Scio Diamond Technology Corporation
- Traded as: OTC Pink: SCIO
- Industry: Diamond / Manufacturing
- Founded: 17 September 2009
- Headquarters: Greenville, South Carolina, United States
- Key people: Joseph Lancia, Edward Adams, Michael Monahan
- Products: Synthetic diamonds
- Net income: -7,200,000^{[citation needed]}
- Website: www.sciodiamond.com

= Scio Diamond Technology Corporation =

Synthetic diamonds manufacturer

Scio Diamond Technology Corporation was a synthetic diamond manufacturer that produced near flawless single-crystal diamonds for gemstone and industrial applications, in Greenville, South Carolina. The company produced chemical vapor deposition (CVD) gem-sized synthetic diamond crystals using processes pioneered by Apollo Diamond, and had acquired Apollo Diamond's technology and assets including several US patents on the processes.

== Products ==

Scio's so-called "cultured diamonds", or synthetic diamonds, although not of natural origin, are real diamonds, and thus they have the same physical and optical properties as diamonds formed by geological processes. The company's controlled manufacturing processes enabled it to produce very high-quality, high-purity, high volume, single-crystal colorless, near colorless and fancy colored diamonds to suit a variety of industrial and gemstone applications.
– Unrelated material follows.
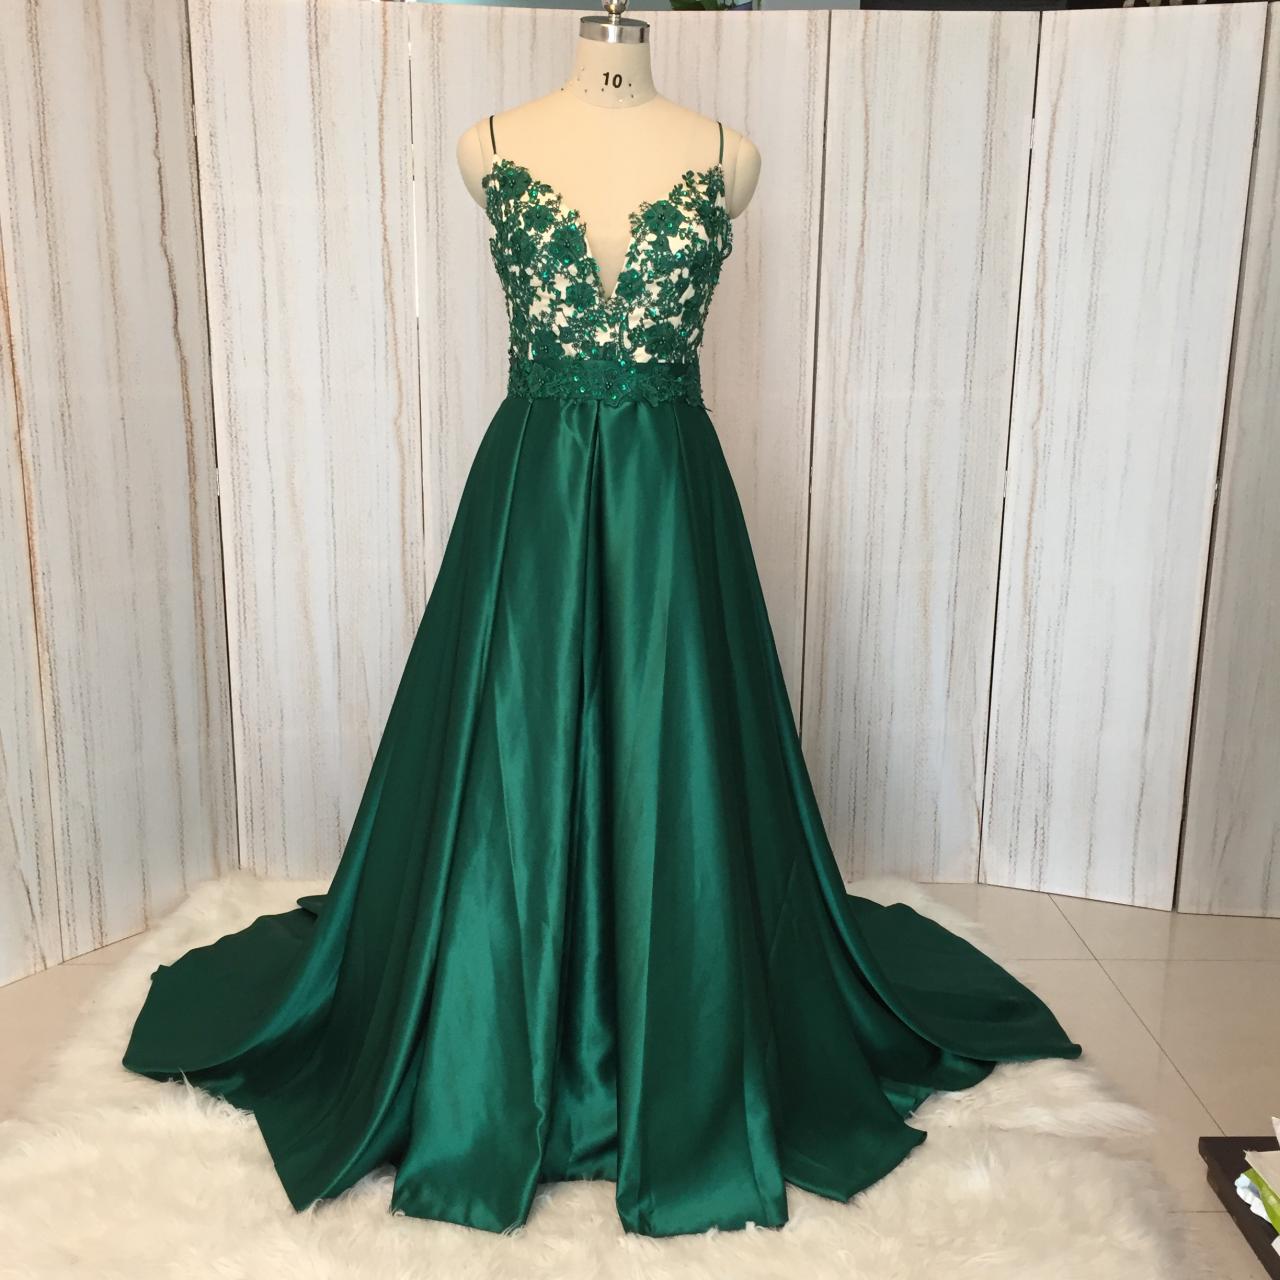 Spaghetti Strap Green Prom Dresses A Line Satin Lace Applique Beaded Elegant Prom Gown Vestidos De Fiesta

Synthetic diamonds are often viewed as "green" as they are not mined, avoiding the controversy surrounding blood diamonds by ensuring ethical sourcing that does not finance war or violence.

== Alleged fraud and embezzlement ==

In 2017, the United States Department of Justice announced the indictment of Edward S. Adams, the chairman of the board of directors of the company, with "orchestrating an elaborate fraud scheme to embezzle millions of dollars of investors' funds."

== Delisting ==
In August of 2019, the stock (under symbol SCIO) was delisted by the SEC after the company failed to file any financial reports for over two years.